Вера не ходит с распущенными волосами. Ее аккуратная каштановая коса, кончик которой, словно лист, лежит у нее на груди, слегка поднимается при легком дуновении ветра. Тонкие брови, словно нарисованные, бледно-розовые пухлые губы.

Черные босоножки ее образовали прямой угол: одним из основных предметов гимназии являются танцы. Стройные ноги гимназистки приковывают его внимание.

Уже немного вялые гвоздики опущены к разгоряченному асфальту.

«Помнишь, мы виделись с тобой пару недель назад. Я тогда…».

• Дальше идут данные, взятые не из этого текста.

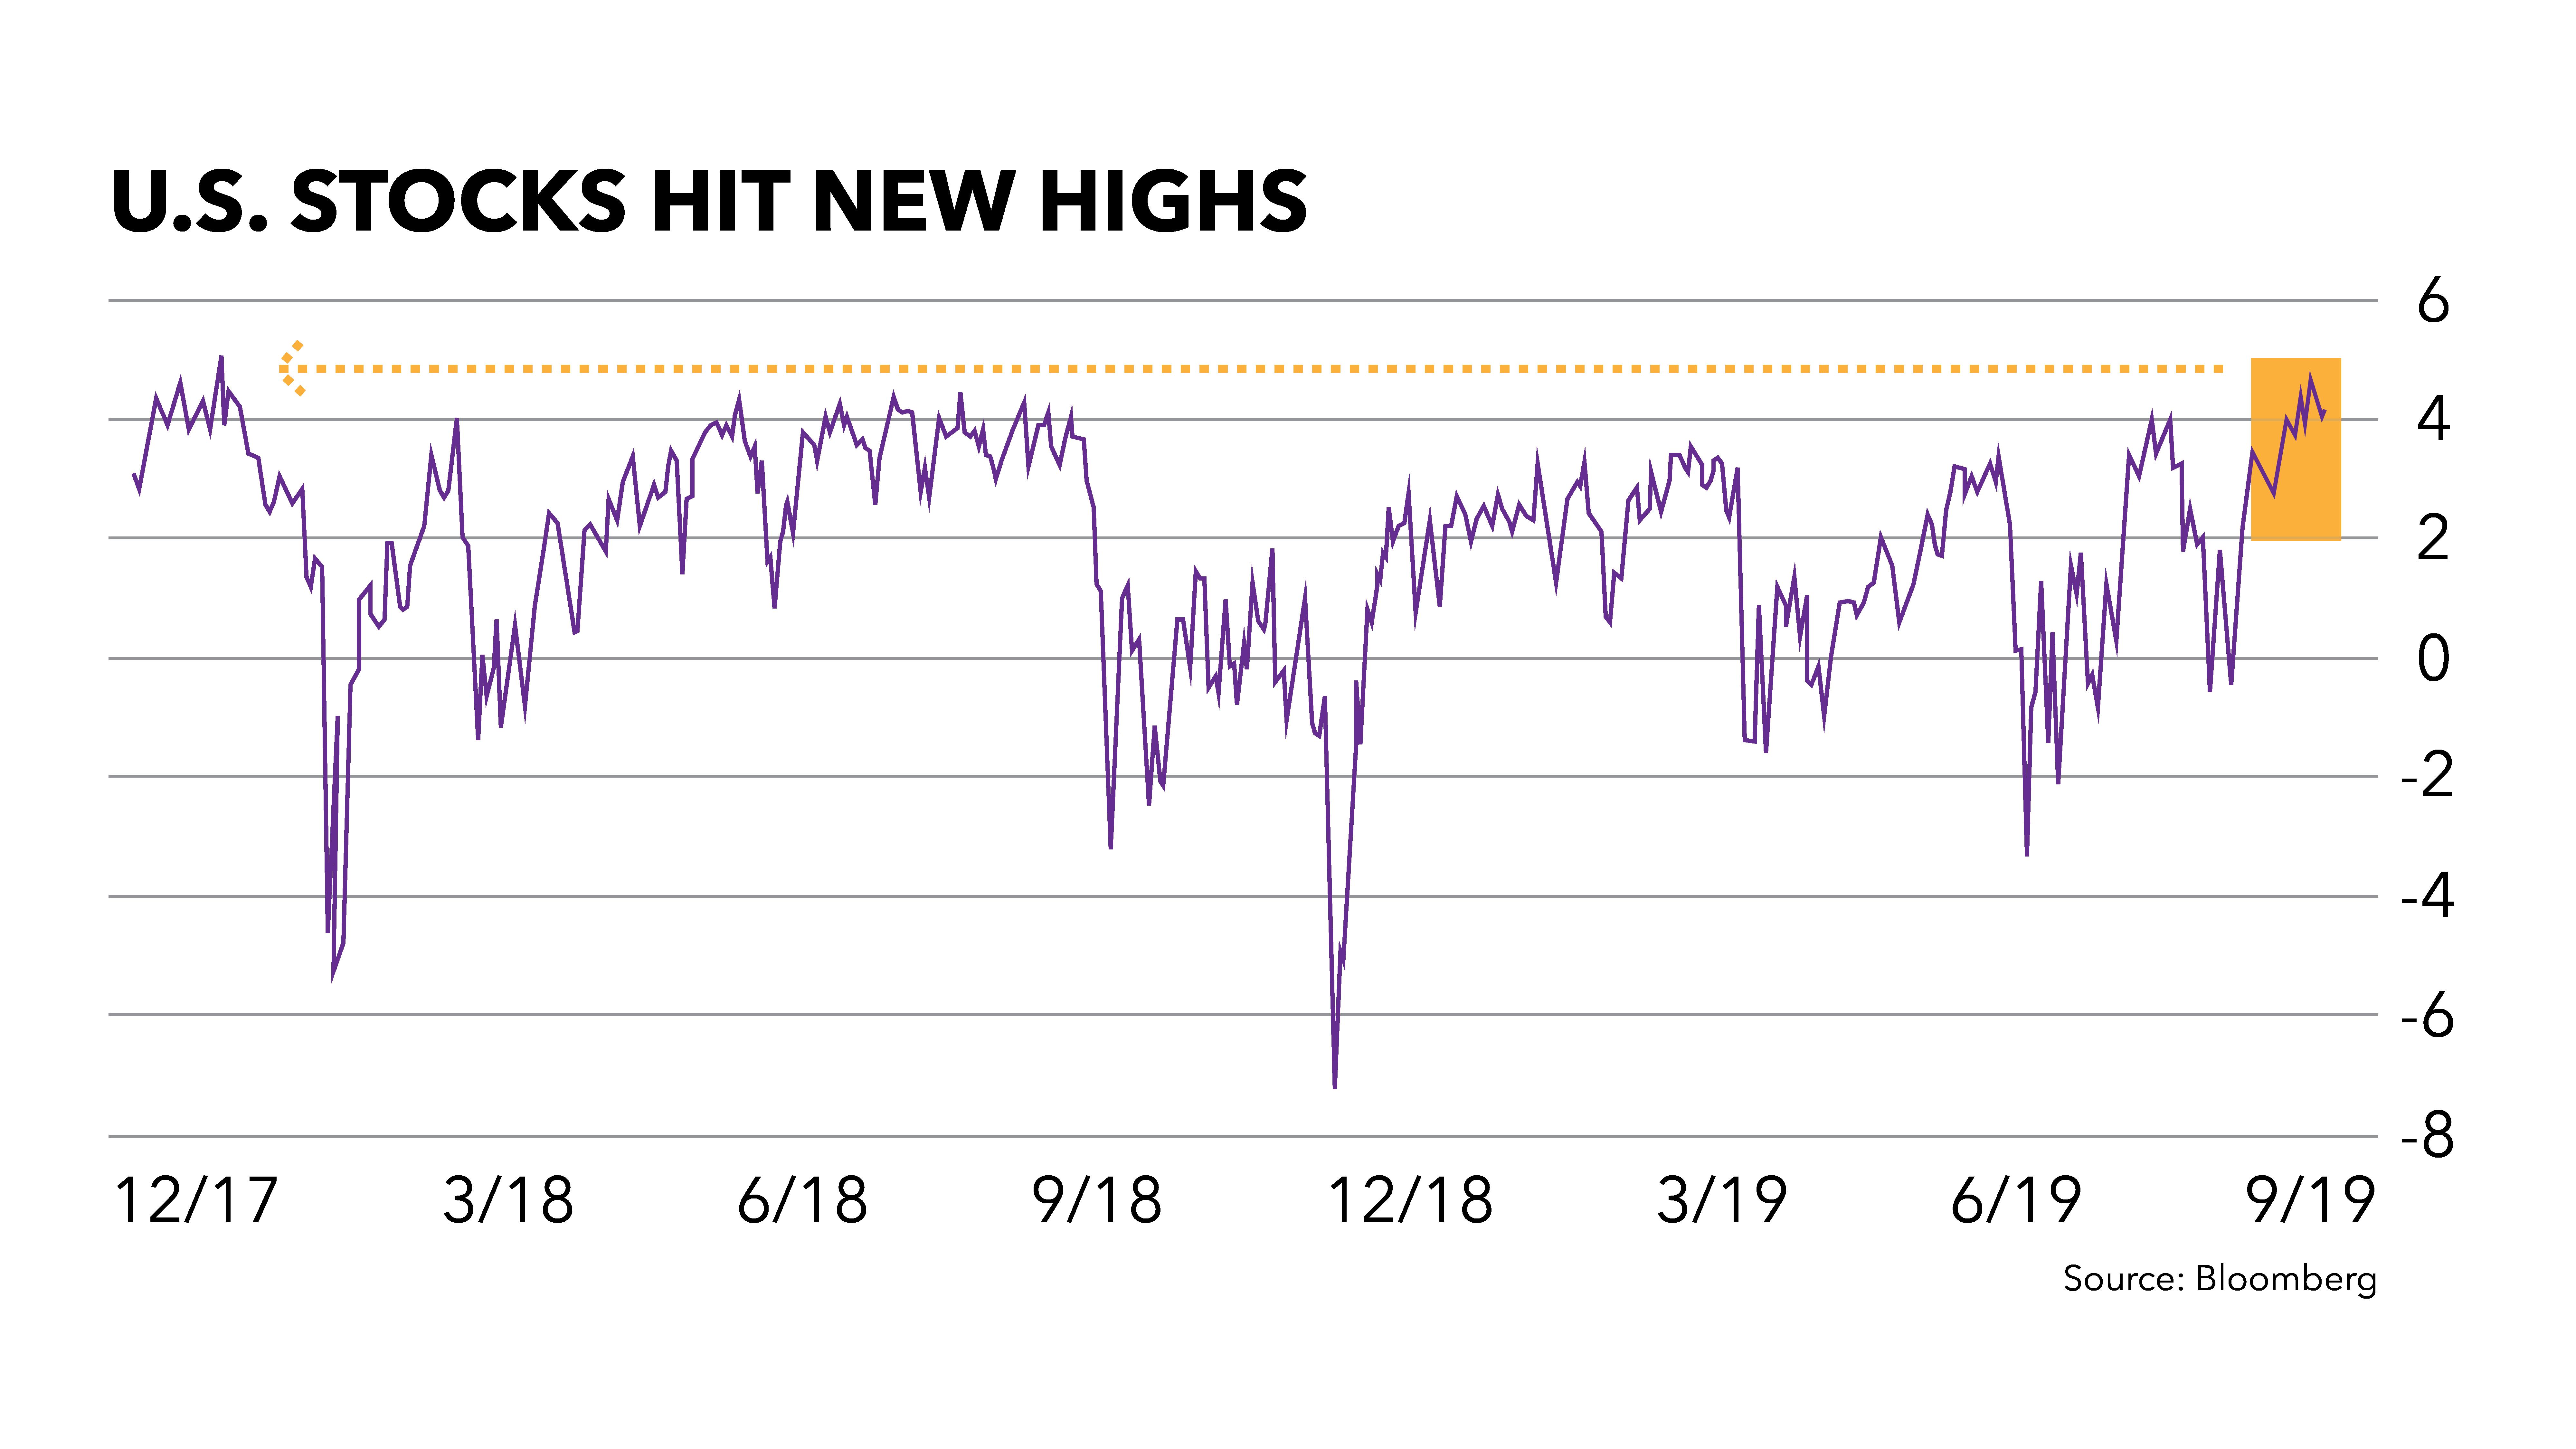 U.S. stock market chart

«Солтан, скажи, что тебе нужно? Да, мы можем видеться с тобой немного чаще обычного. Но зачем?».

Нелепый ответ застыл во рту Солтана. Подступившее волнение мешает говорить. Гвоздики теряют свой цвет.

«Просто возьми их и я уйду. Я же знаю, что ты меня не прогонишь первая. Я могу надеяться на еще одно письмо?».

«Я их уже взяла…», - отвечает она, будто бы не услышав последний вопрос.

Солтан, мокрый от жары, мокрый от волнения и страха, качается, словно на плюшевых ногах. Воротник его мундира, давно пропитавшийся потом, уже не такой белый – лишь бы не попасться на глаза Шольцеру!

«Мне двадцать три, Солтан».

Верина кожа, такая белая-белая, не загоревшая даже на лице и плечах, заметно молодит ее. Темно-карие глаза, почти черные, выглядывают из-под длинных ресниц сурово и даже слегка не по-женски. Щеки, еще не тронутые первыми морщинками, надуты, как два шарика.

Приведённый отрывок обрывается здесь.